CDA's methodology for TID is Predictive Defense Intelligence (PDI), summarized as "See the threat before it sees you." This phrase has operational meaning in the context of Falcon. PDI requires that organizations not wait for a file to be written to disk or an alert to fire before they understand what adversaries are targeting them. In CDA's application of Falcon, the platform is configured not as a passive alerting system but as an active intelligence feed. Falcon Intelligence module data, specifically adversary profiles tied to detected IOAs, is ingested into the organization's threat intelligence platform and mapped against the organization's crown-jewel assets.
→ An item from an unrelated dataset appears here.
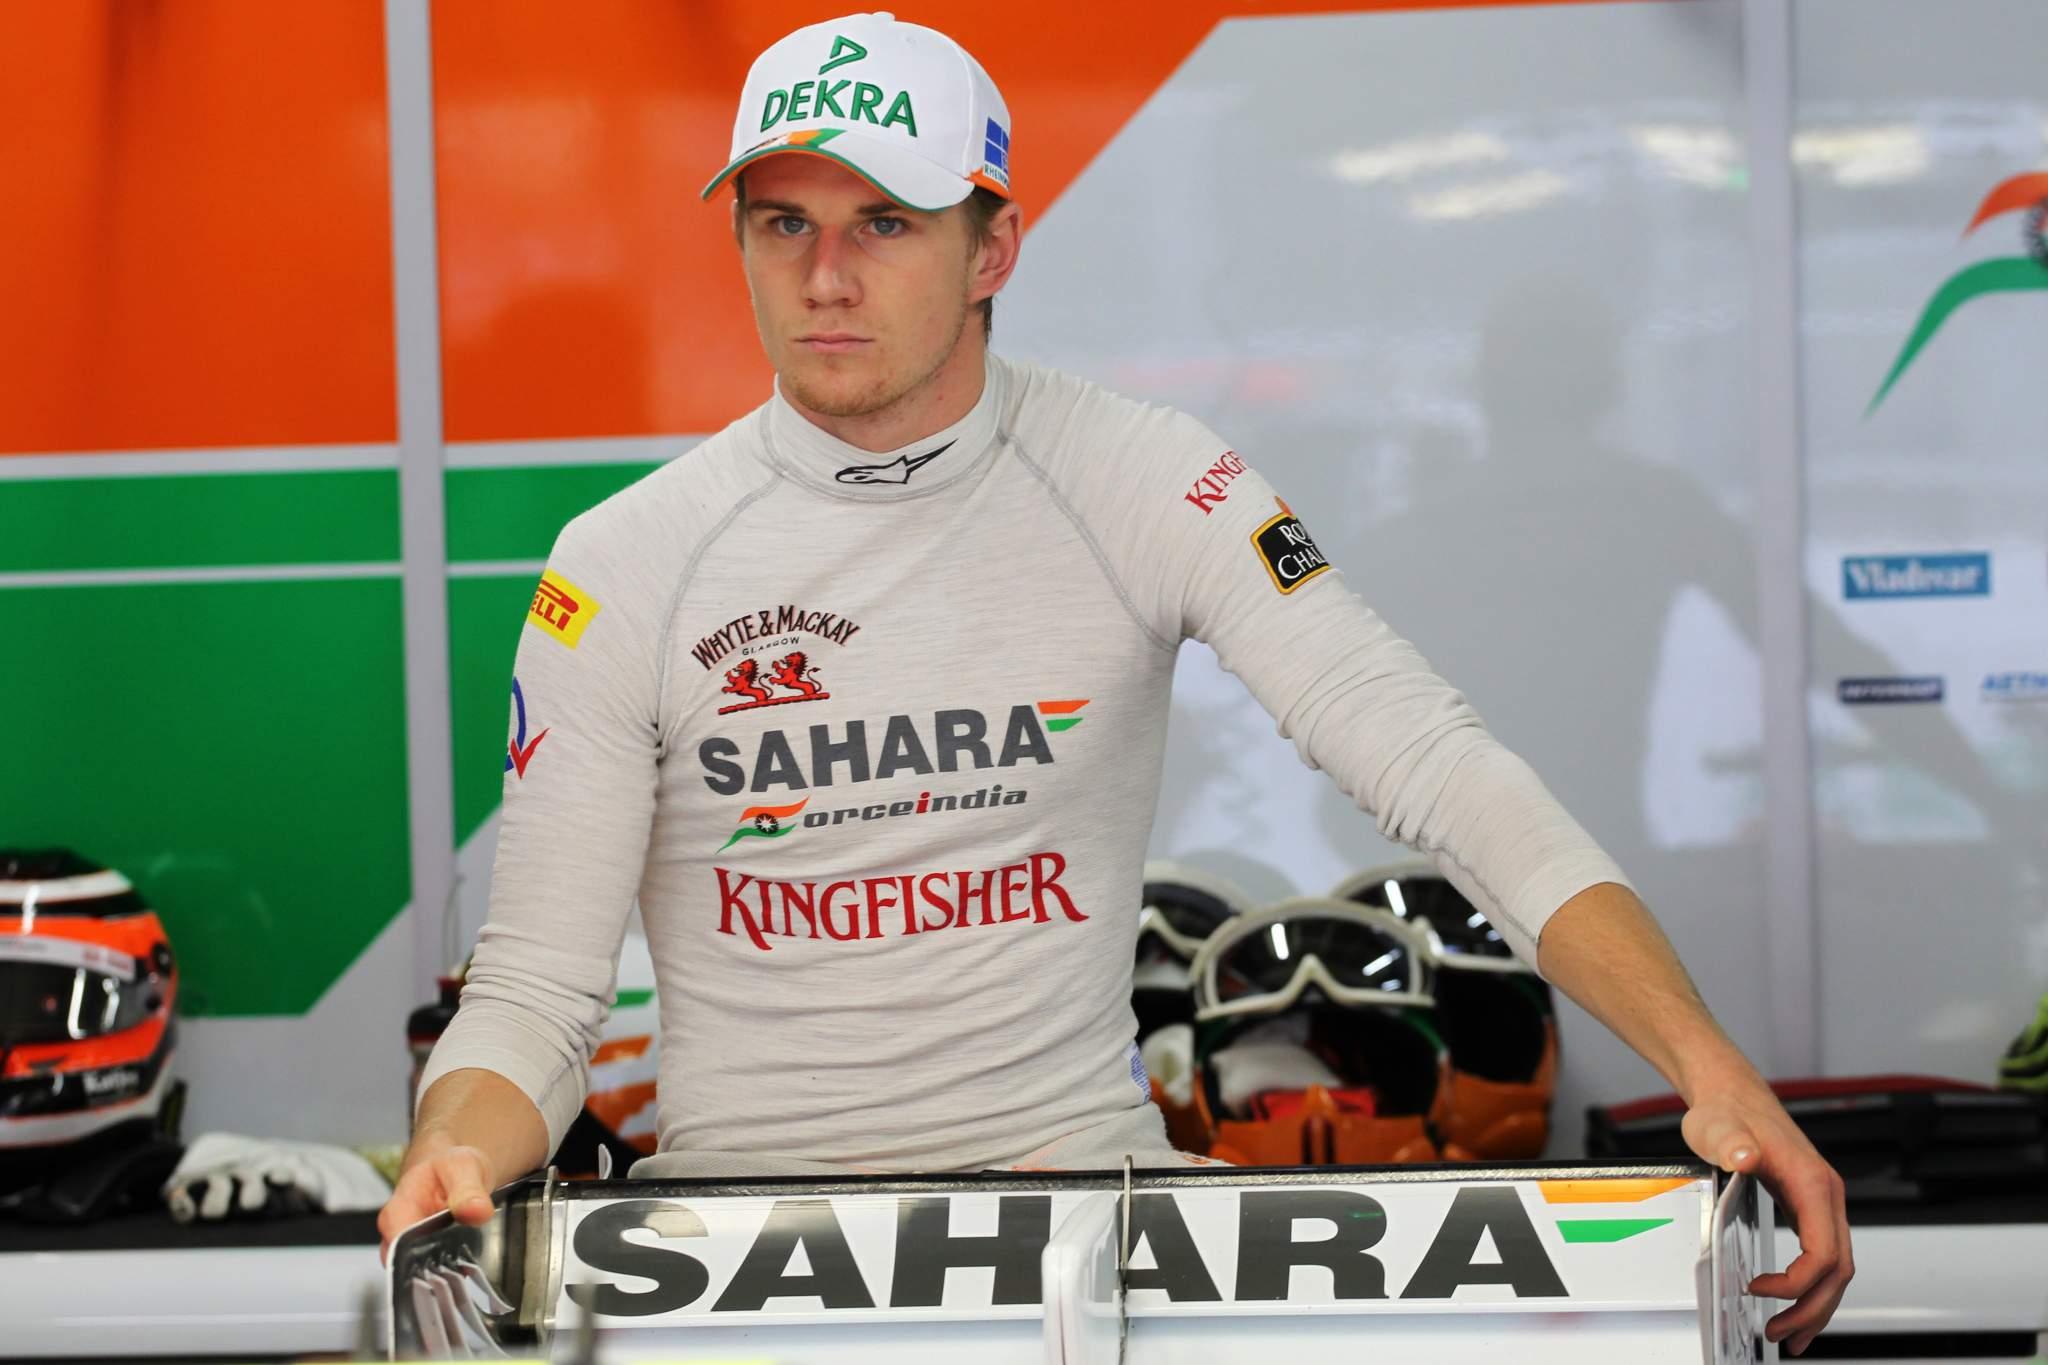 Motor Racing Formula One World Championship Brazilian Grand Prix Race Day Sao Paulo, Brazil

If Falcon identifies behavioral patterns consistent with a specific named adversary group targeting the financial sector, CDA analysts cross-reference that group's known TTPs from MITRE ATT&CK, identify which of those TTPs are not yet covered by existing Falcon prevention policies, and proactively tighten those policies or deploy compensating controls before the campaign reaches its next phase.
CDA also differs from standard Falcon deployments in how it handles OverWatch integration. Most organizations treat OverWatch alerts as escalation events. CDA treats every OverWatch notification as a threat intelligence input. Each hunting lead is documented, mapped to a MITRE technique, assessed for coverage gaps, and fed back into the detection engineering cycle. This creates a closed loop: the threat hunt finding today becomes the custom IOA or prevention policy refinement tomorrow.
Finally, CDA emphasizes sensor coverage completeness as a prerequisite to trusting Falcon's absence of alerts as meaningful signal. A Falcon deployment covering 70% of endpoints provides incomplete visibility; the 30% gap is where attackers will operate if they can identify it. CDA establishes sensor coverage reporting as a primary operational metric, targeting 98% or higher coverage with documented exception handling for devices that cannot run the sensor.